__TASK REQUIREMENTS__.
From the line that contains "Sarcofago di Stilicone." through the last line of the data, copy everything exactly and nothing else, omitting the pictures.

__RECORDED INFORMATION__.
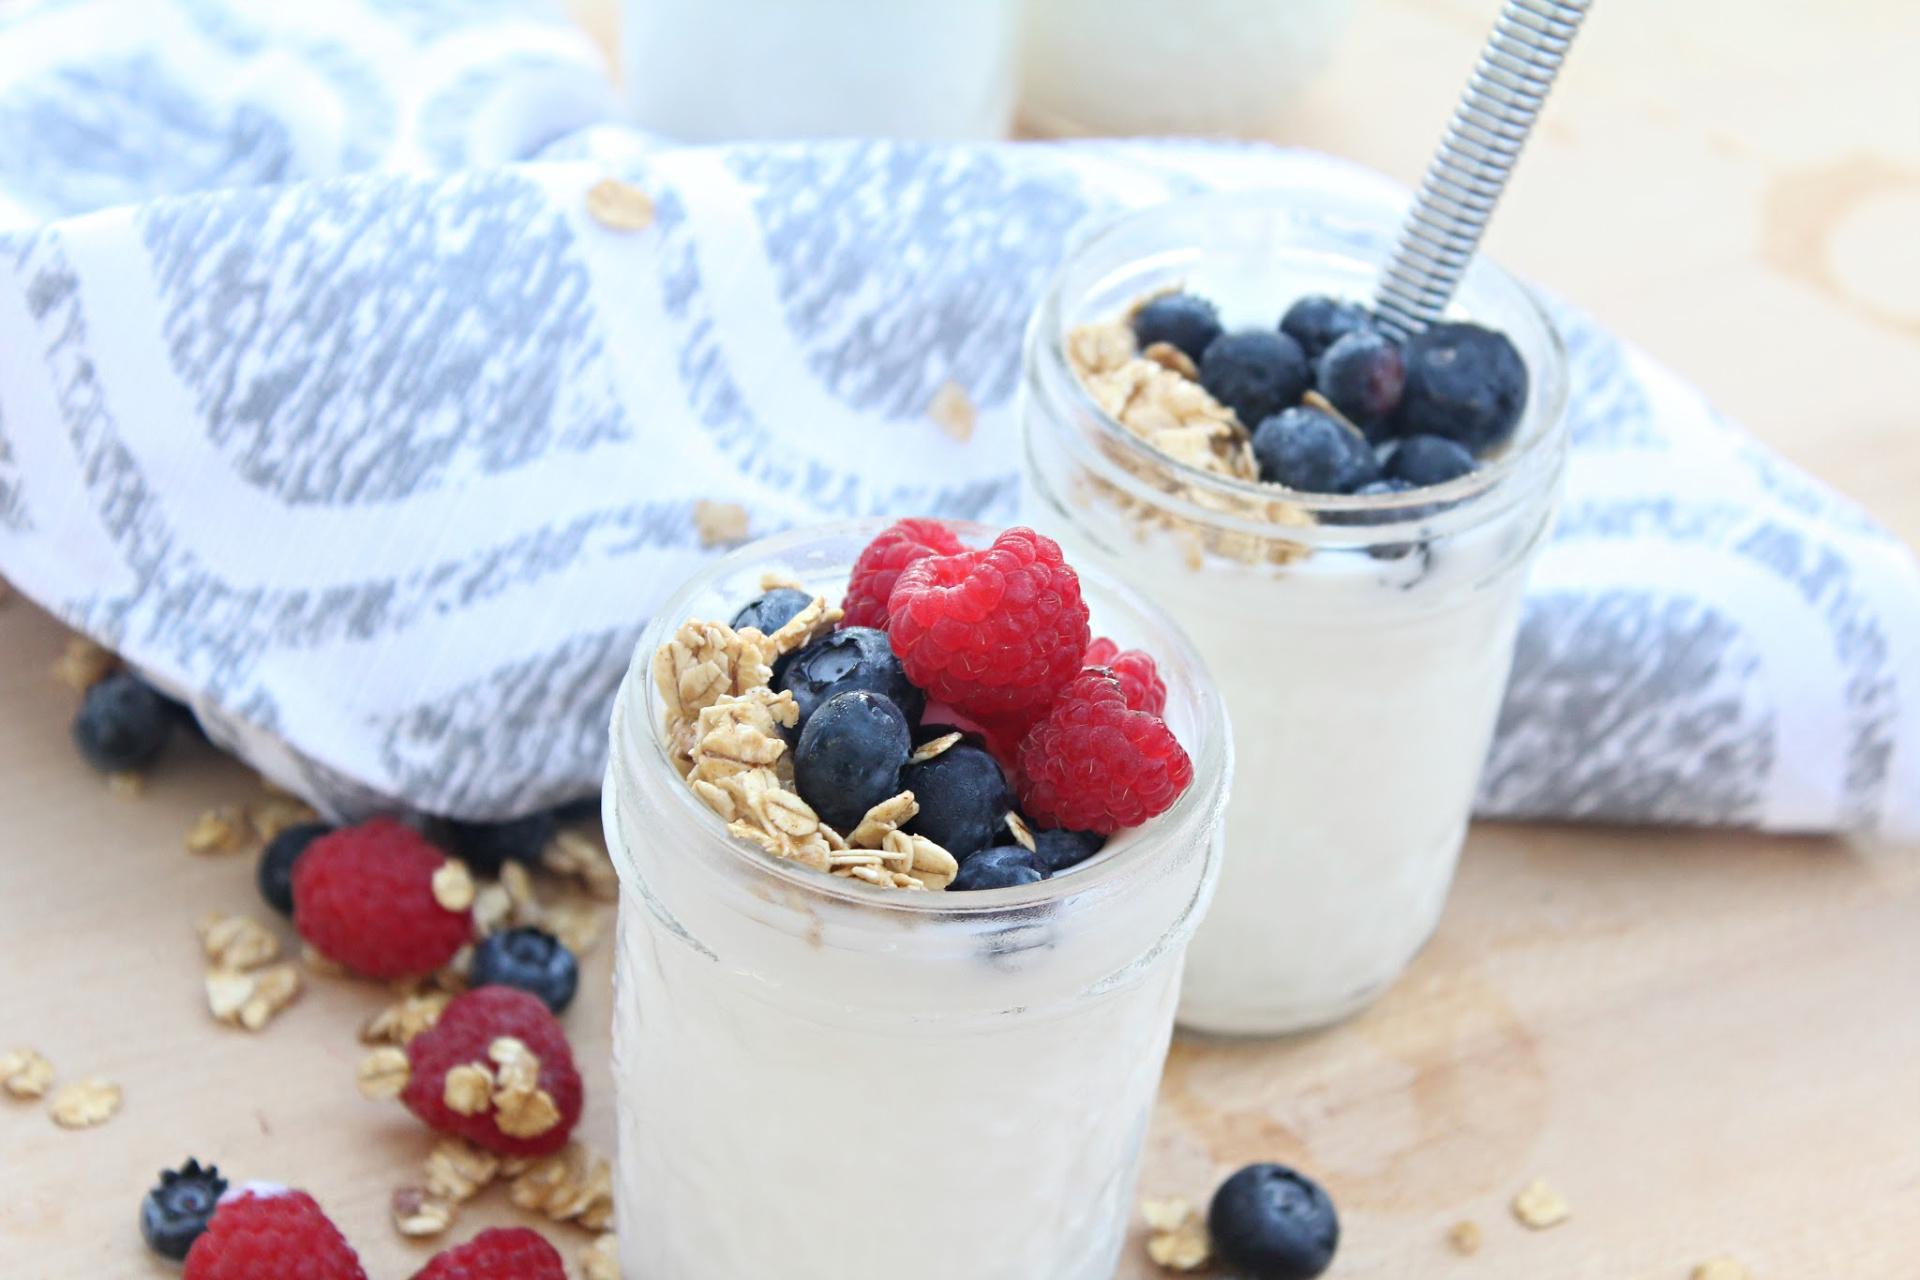 Best homemade yogurt
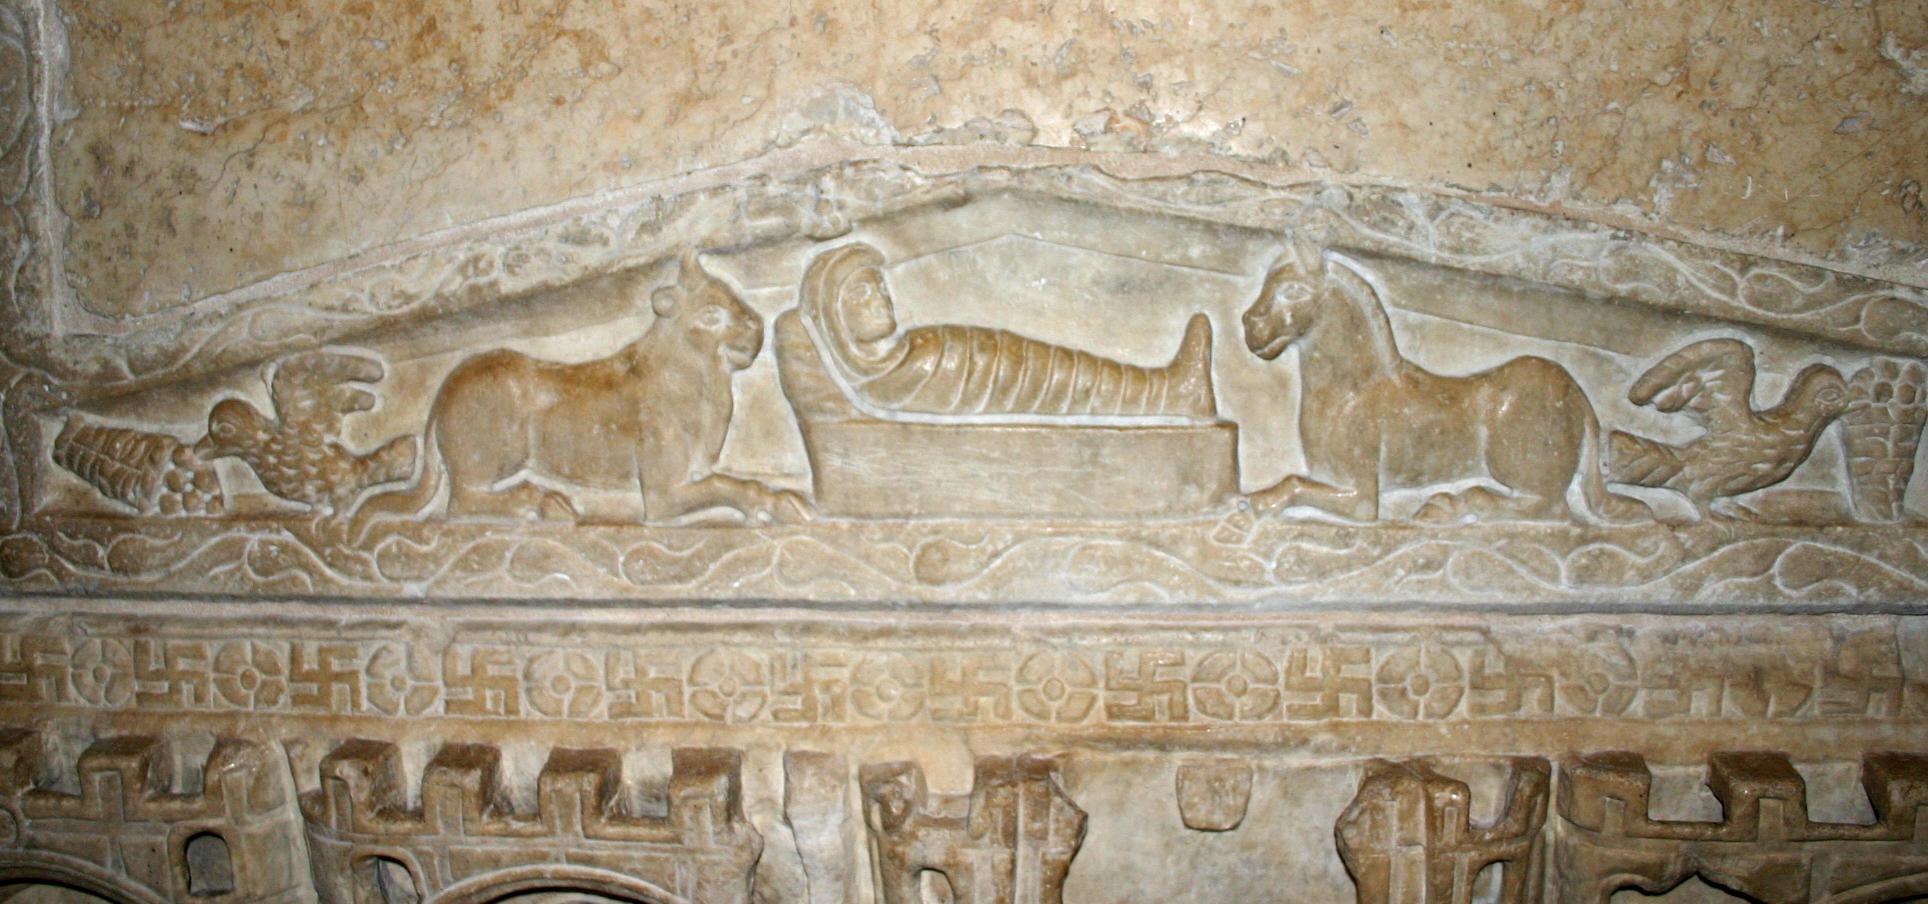 Sarcofago di Stilicone. Chiesa de Sant'Ambrogio. Milano. Séc. IV.
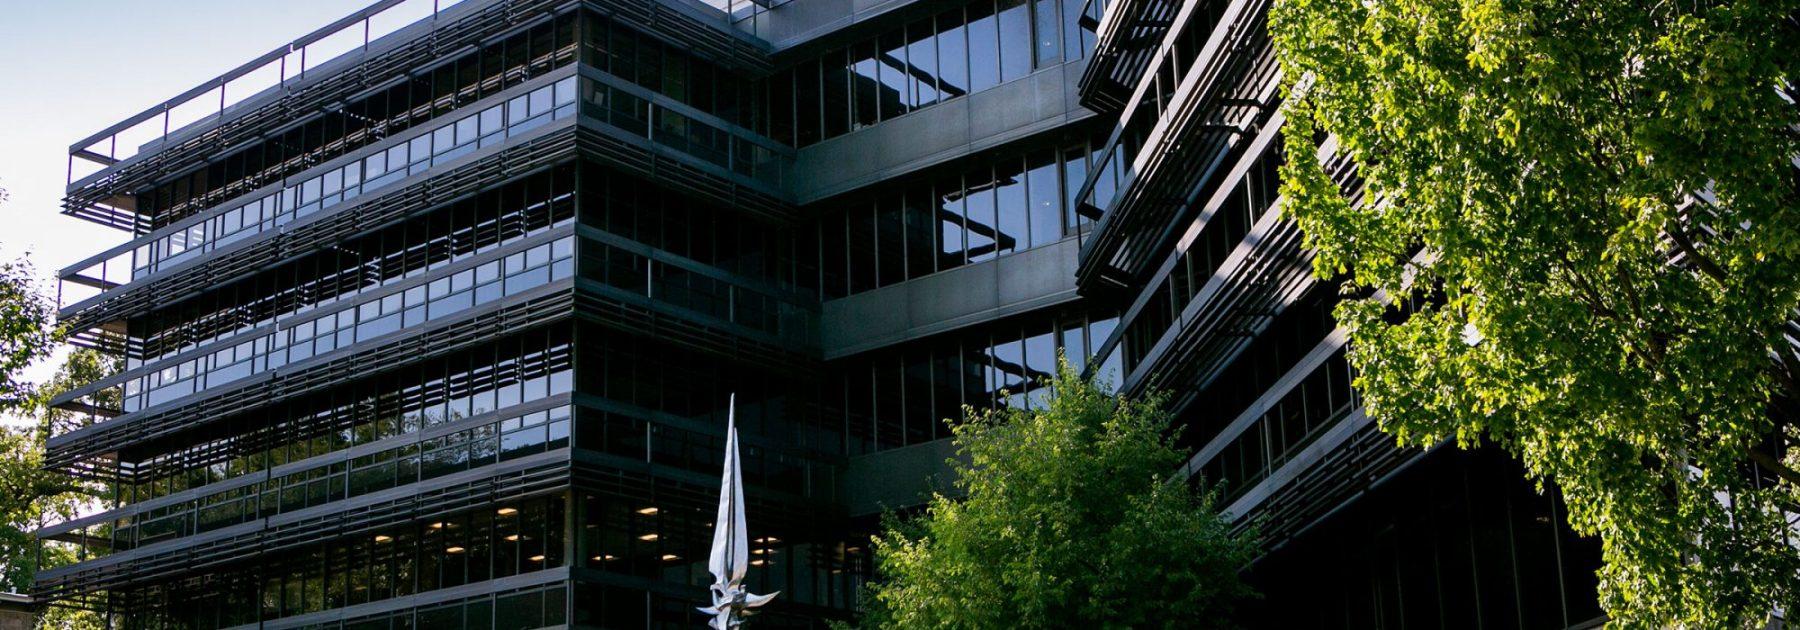 Verex Plaza

__WORKED SOLUTION__.
 Sarcofago di Stilicone. Chiesa de Sant'Ambrogio. Milano. Séc. IV.
 Verex Plaza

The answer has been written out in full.